*GOAL OF THE EXERCISE:*
Go through the entries one line at a time, and gather every line that has the word "World".

*Records from a data collection:*
----------
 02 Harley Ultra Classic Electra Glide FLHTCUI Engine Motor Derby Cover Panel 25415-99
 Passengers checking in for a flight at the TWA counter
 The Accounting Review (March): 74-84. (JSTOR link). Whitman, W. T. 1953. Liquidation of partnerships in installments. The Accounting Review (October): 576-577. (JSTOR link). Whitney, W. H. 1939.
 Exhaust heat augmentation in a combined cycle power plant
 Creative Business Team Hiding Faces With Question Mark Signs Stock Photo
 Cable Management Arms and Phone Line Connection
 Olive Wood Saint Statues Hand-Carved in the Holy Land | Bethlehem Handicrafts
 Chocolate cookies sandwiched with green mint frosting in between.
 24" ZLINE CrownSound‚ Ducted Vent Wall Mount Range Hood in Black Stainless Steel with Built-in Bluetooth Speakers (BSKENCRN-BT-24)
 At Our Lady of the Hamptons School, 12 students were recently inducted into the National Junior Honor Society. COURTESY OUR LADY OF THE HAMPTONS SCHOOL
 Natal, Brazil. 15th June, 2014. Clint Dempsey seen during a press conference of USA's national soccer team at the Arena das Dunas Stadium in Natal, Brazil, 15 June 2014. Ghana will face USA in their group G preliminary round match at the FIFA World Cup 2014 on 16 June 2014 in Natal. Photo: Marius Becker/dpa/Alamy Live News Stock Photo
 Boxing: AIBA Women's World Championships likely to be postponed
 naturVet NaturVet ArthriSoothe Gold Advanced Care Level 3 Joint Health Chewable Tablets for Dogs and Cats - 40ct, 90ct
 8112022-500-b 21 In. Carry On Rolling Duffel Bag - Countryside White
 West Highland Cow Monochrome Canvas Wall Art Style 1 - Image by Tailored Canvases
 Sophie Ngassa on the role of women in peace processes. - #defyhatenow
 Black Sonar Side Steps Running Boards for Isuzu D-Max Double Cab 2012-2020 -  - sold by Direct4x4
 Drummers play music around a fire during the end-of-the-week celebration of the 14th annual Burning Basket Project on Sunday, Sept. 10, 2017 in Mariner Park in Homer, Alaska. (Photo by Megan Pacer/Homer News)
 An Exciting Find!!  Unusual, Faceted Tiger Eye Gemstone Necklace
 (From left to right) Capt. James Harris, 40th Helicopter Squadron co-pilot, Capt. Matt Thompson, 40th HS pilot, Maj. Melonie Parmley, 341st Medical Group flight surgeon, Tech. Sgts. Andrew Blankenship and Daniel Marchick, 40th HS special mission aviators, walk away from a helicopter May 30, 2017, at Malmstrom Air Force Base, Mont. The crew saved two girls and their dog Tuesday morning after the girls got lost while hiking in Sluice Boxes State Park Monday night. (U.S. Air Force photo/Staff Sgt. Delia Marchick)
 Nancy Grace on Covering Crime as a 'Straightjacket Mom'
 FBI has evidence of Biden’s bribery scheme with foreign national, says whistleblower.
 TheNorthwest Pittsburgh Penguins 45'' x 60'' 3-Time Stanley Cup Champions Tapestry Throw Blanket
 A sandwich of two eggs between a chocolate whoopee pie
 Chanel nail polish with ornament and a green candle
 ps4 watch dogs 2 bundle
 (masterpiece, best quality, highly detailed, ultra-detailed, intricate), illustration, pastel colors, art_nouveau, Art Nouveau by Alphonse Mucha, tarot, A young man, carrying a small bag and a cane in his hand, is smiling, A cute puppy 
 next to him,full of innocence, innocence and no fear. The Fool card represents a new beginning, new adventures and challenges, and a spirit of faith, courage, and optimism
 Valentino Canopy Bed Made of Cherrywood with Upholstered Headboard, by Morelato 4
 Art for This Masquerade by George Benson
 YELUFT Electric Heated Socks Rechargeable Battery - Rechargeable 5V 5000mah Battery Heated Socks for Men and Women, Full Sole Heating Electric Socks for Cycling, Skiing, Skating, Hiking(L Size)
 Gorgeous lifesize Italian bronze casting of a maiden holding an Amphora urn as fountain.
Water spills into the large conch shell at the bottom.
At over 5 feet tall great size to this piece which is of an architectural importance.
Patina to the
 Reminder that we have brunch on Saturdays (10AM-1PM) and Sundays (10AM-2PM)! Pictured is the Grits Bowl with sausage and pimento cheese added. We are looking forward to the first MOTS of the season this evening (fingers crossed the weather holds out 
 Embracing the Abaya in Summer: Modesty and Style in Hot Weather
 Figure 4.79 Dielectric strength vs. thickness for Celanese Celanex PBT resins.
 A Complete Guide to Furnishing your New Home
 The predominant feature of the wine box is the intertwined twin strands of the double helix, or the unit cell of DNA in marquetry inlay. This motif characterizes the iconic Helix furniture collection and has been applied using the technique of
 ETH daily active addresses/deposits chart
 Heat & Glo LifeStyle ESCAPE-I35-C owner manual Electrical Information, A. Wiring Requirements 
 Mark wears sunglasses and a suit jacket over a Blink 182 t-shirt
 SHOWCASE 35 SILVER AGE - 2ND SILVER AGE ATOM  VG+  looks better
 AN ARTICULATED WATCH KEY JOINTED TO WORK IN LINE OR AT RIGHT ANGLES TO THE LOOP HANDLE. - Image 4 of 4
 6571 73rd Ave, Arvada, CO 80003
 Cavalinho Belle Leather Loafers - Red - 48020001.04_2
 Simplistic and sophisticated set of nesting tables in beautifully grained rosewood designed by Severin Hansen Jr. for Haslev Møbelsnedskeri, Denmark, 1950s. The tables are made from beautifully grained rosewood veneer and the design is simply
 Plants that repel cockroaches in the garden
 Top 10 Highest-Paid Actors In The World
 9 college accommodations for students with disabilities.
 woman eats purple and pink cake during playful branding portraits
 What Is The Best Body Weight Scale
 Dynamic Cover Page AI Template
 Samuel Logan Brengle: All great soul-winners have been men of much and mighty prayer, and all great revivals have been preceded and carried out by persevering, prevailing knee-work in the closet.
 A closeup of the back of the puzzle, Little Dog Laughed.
----------
*YOUR SOLUTION:*
 Natal, Brazil. 15th June, 2014. Clint Dempsey seen during a press conference of USA's national soccer team at the Arena das Dunas Stadium in Natal, Brazil, 15 June 2014. Ghana will face USA in their group G preliminary round match at the FIFA World Cup 2014 on 16 June 2014 in Natal. Photo: Marius Becker/dpa/Alamy Live News Stock Photo
 Boxing: AIBA Women's World Championships likely to be postponed
 Top 10 Highest-Paid Actors In The World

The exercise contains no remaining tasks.